» ASSIGNMENT: Line by line, repeat the material below exactly and leave the images out.

» GIVEN DATA:
══════
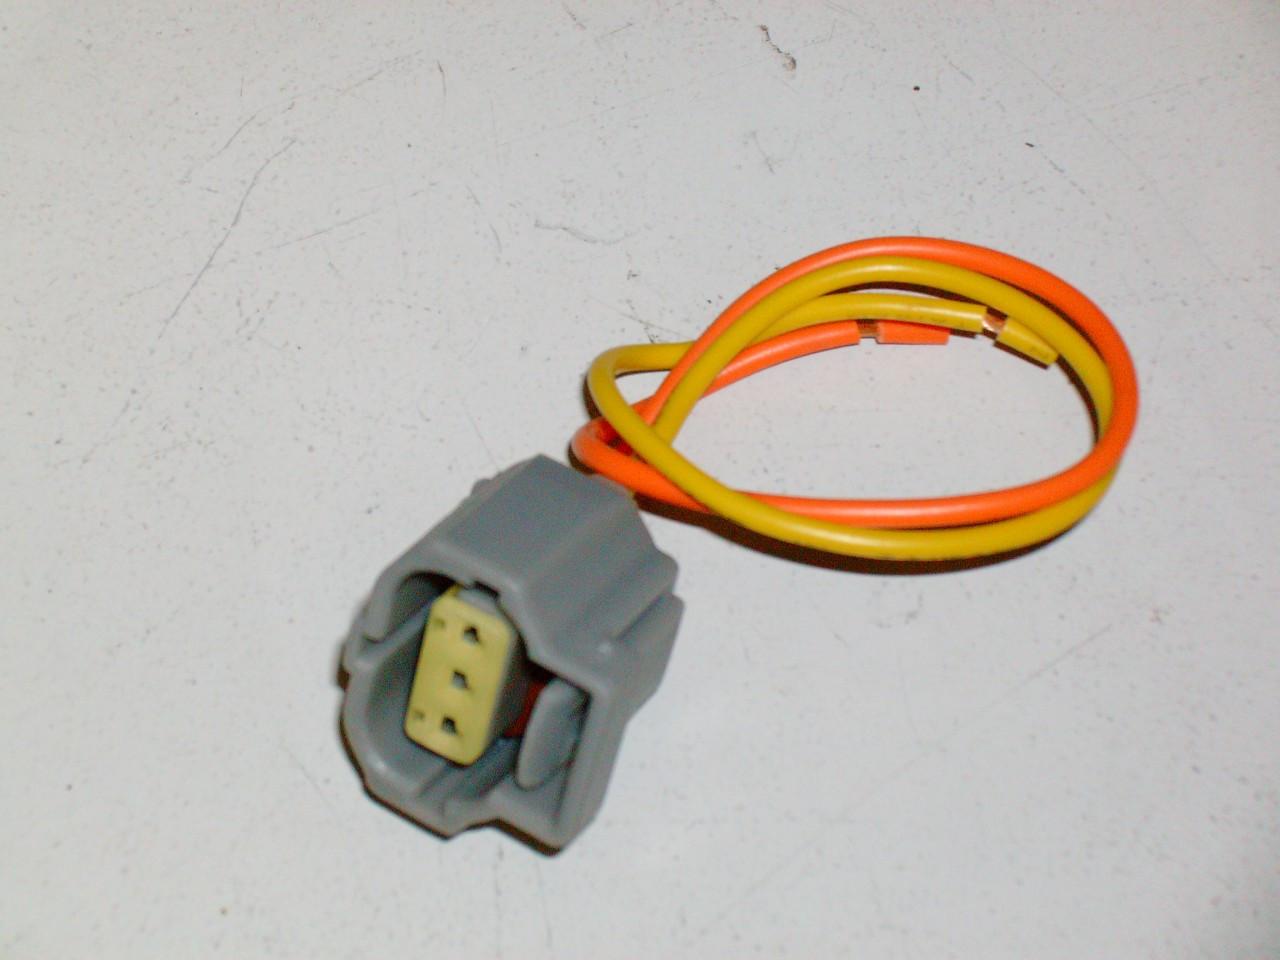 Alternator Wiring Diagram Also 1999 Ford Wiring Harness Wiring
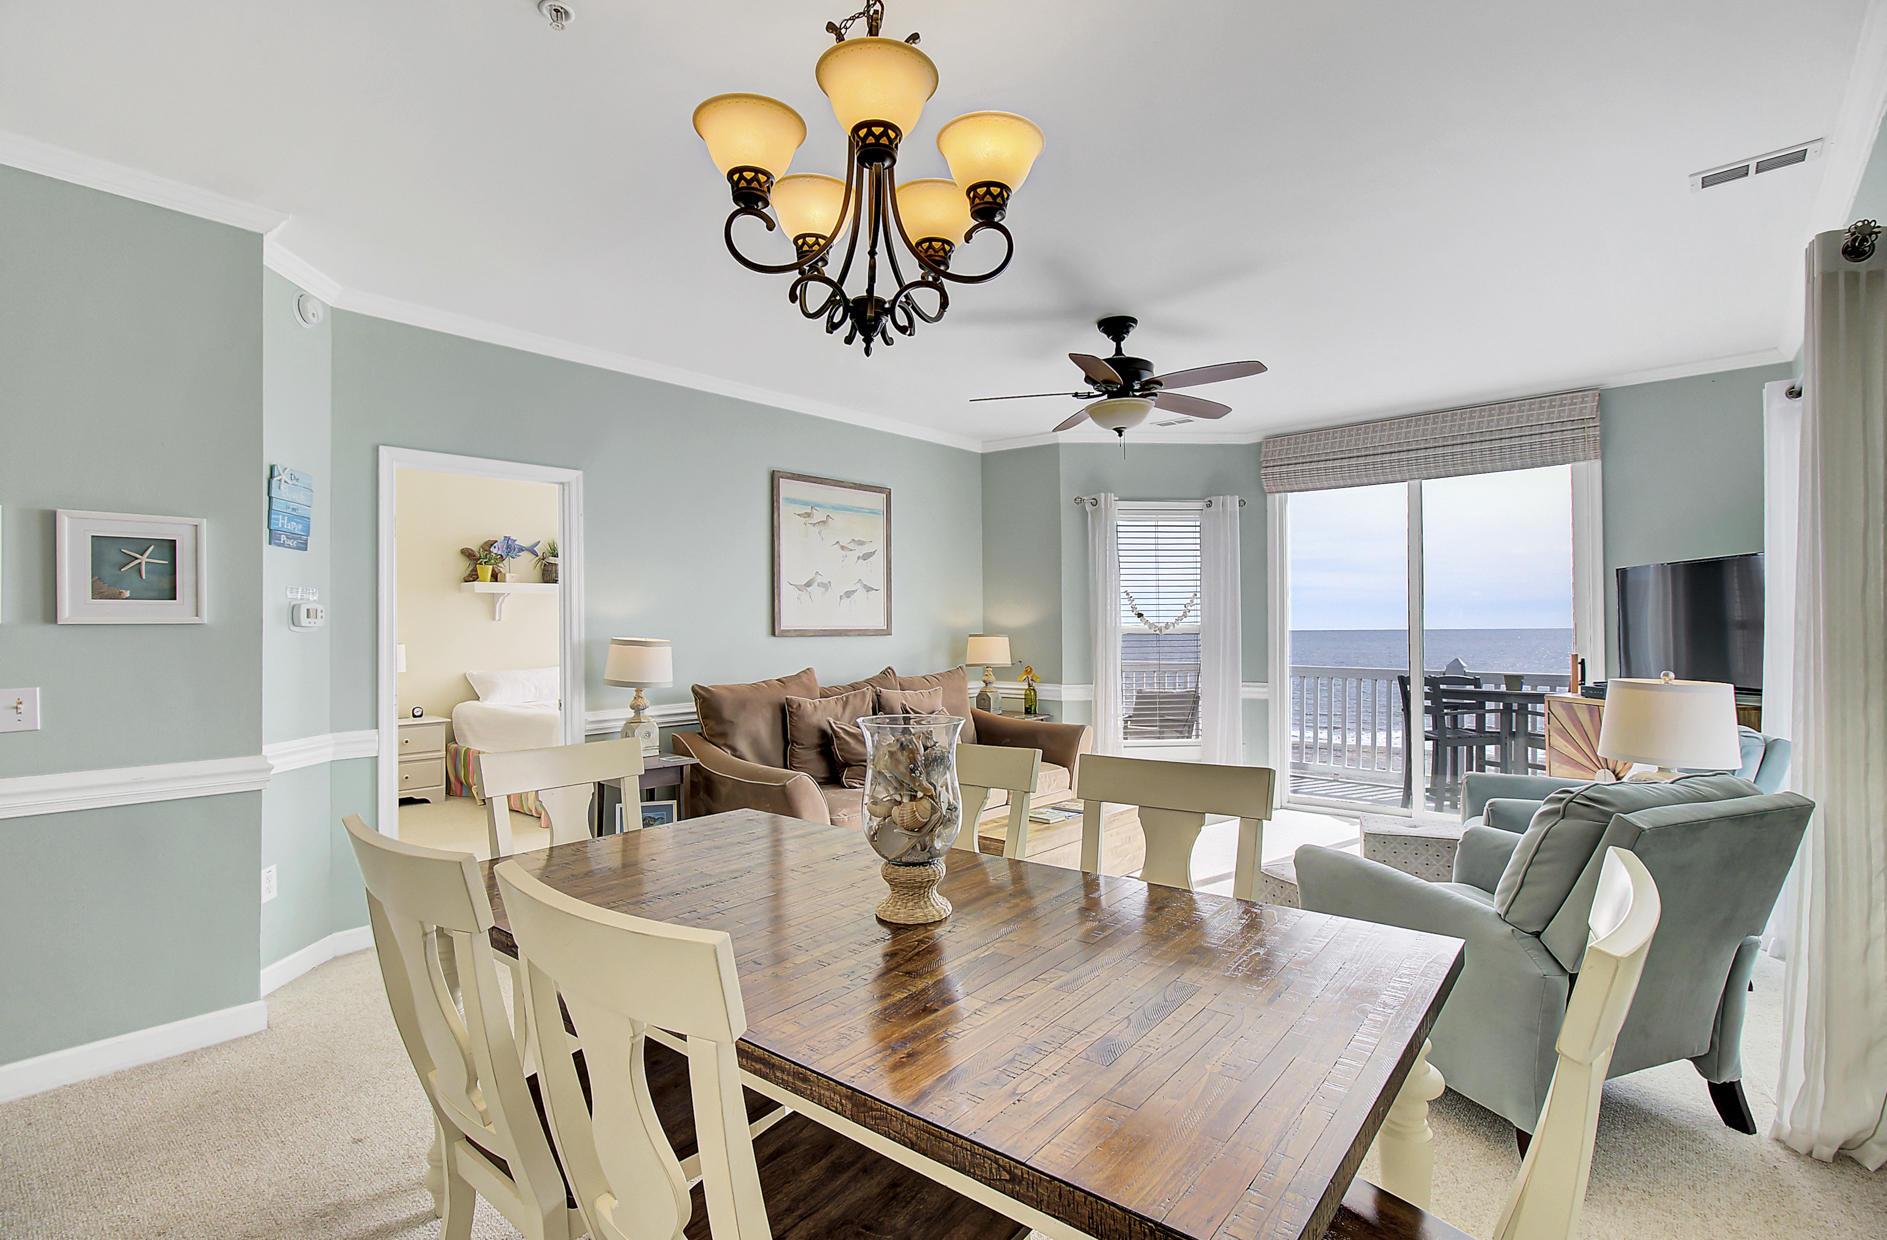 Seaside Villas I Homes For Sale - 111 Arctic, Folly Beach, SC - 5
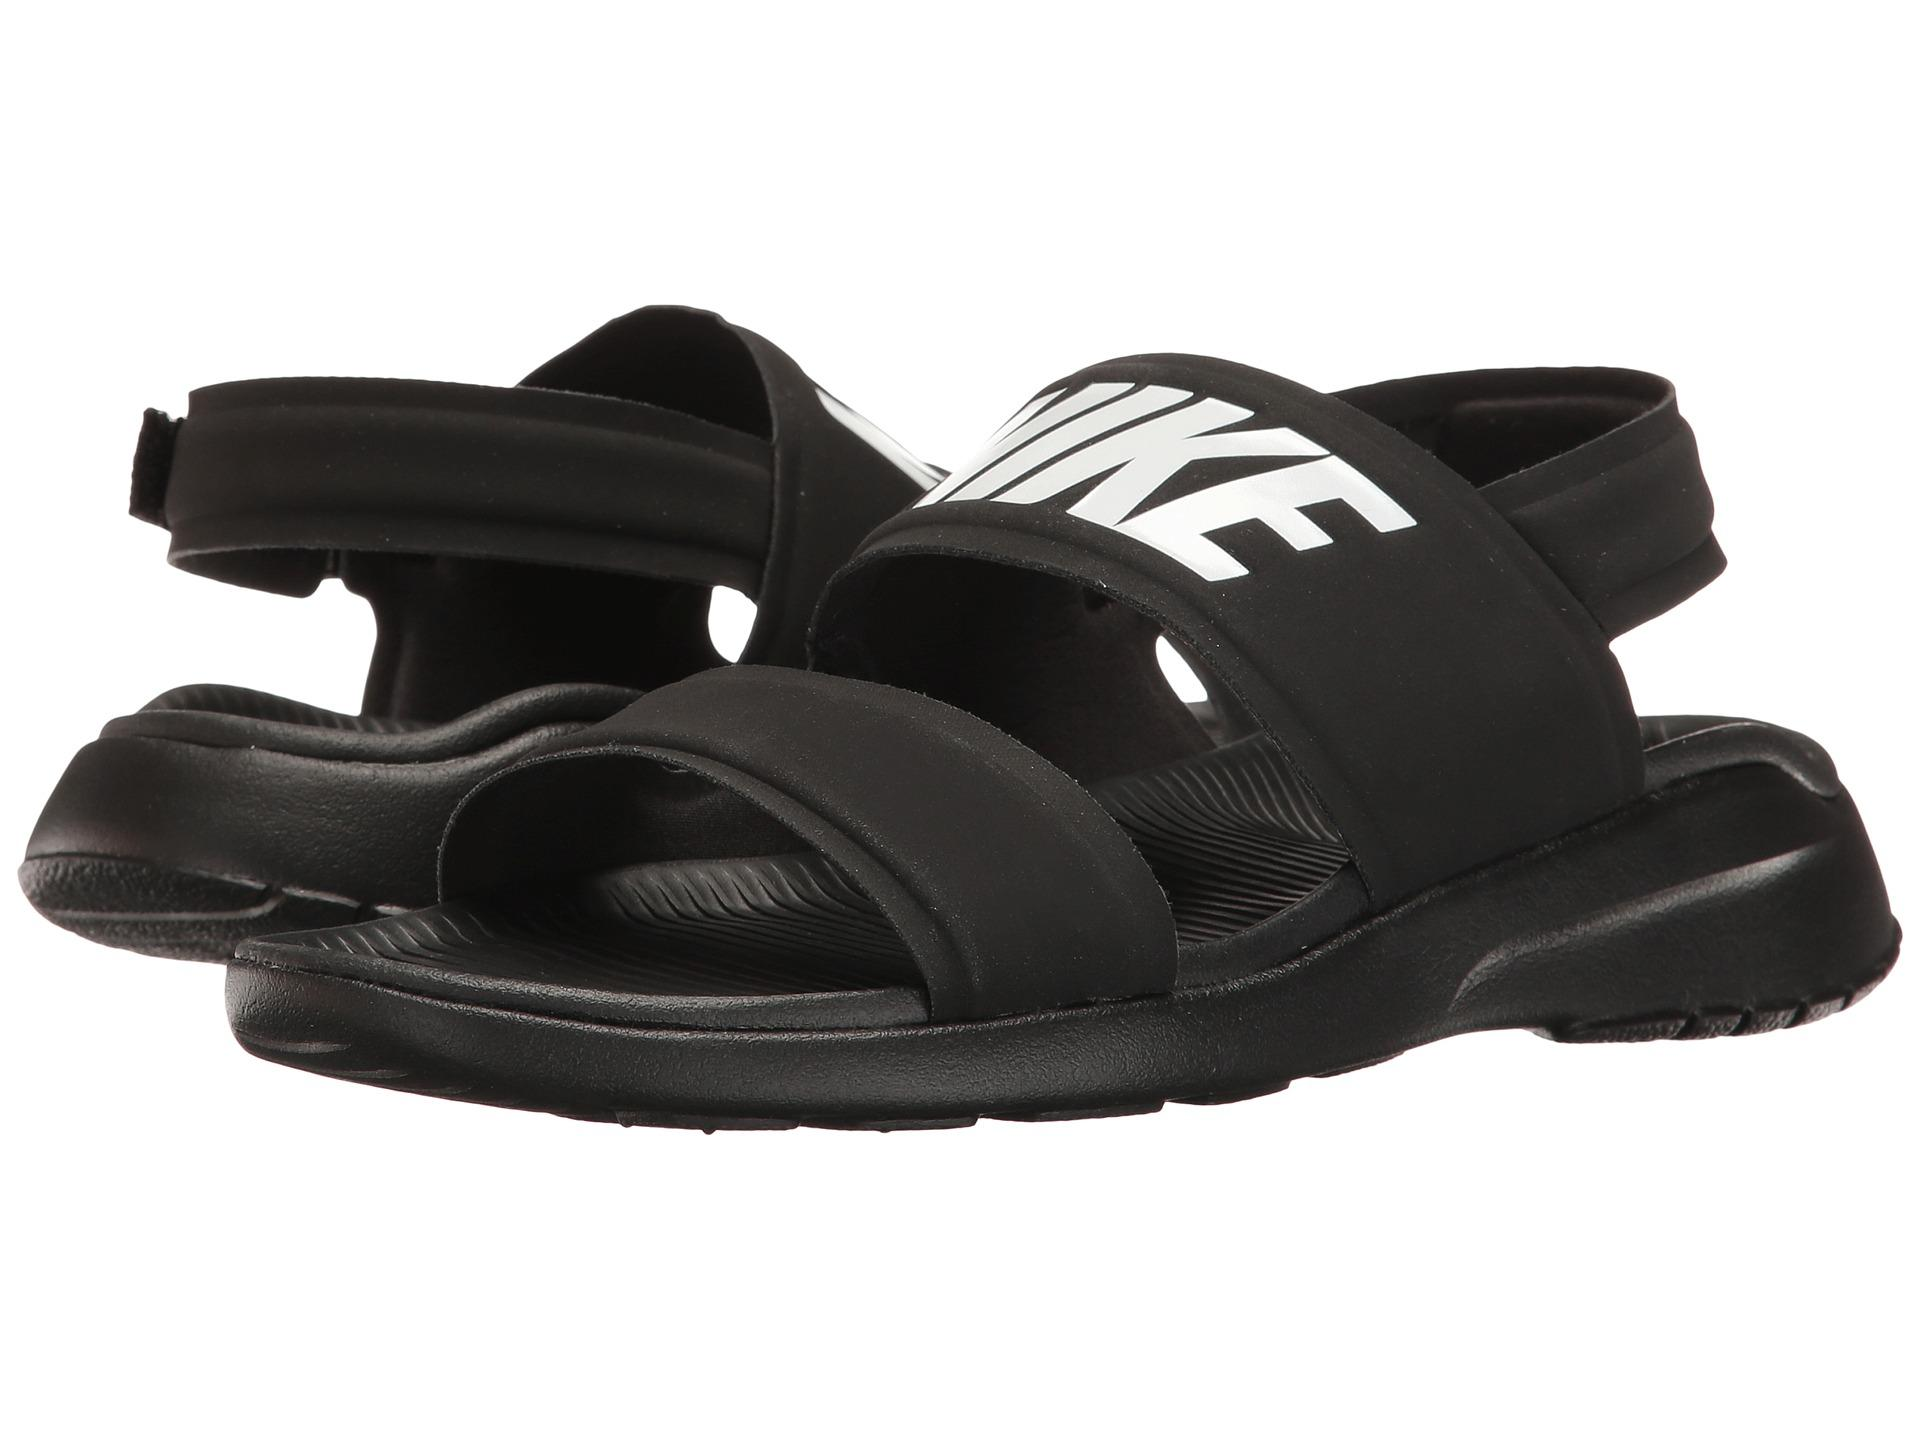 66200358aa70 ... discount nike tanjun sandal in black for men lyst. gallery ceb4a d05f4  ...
══════
» SOLUTION TO THIS TASK:
 Alternator Wiring Diagram Also 1999 Ford Wiring Harness Wiring
 Seaside Villas I Homes For Sale - 111 Arctic, Folly Beach, SC - 5
 66200358aa70 ... discount nike tanjun sandal in black for men lyst. gallery ceb4a d05f4  ...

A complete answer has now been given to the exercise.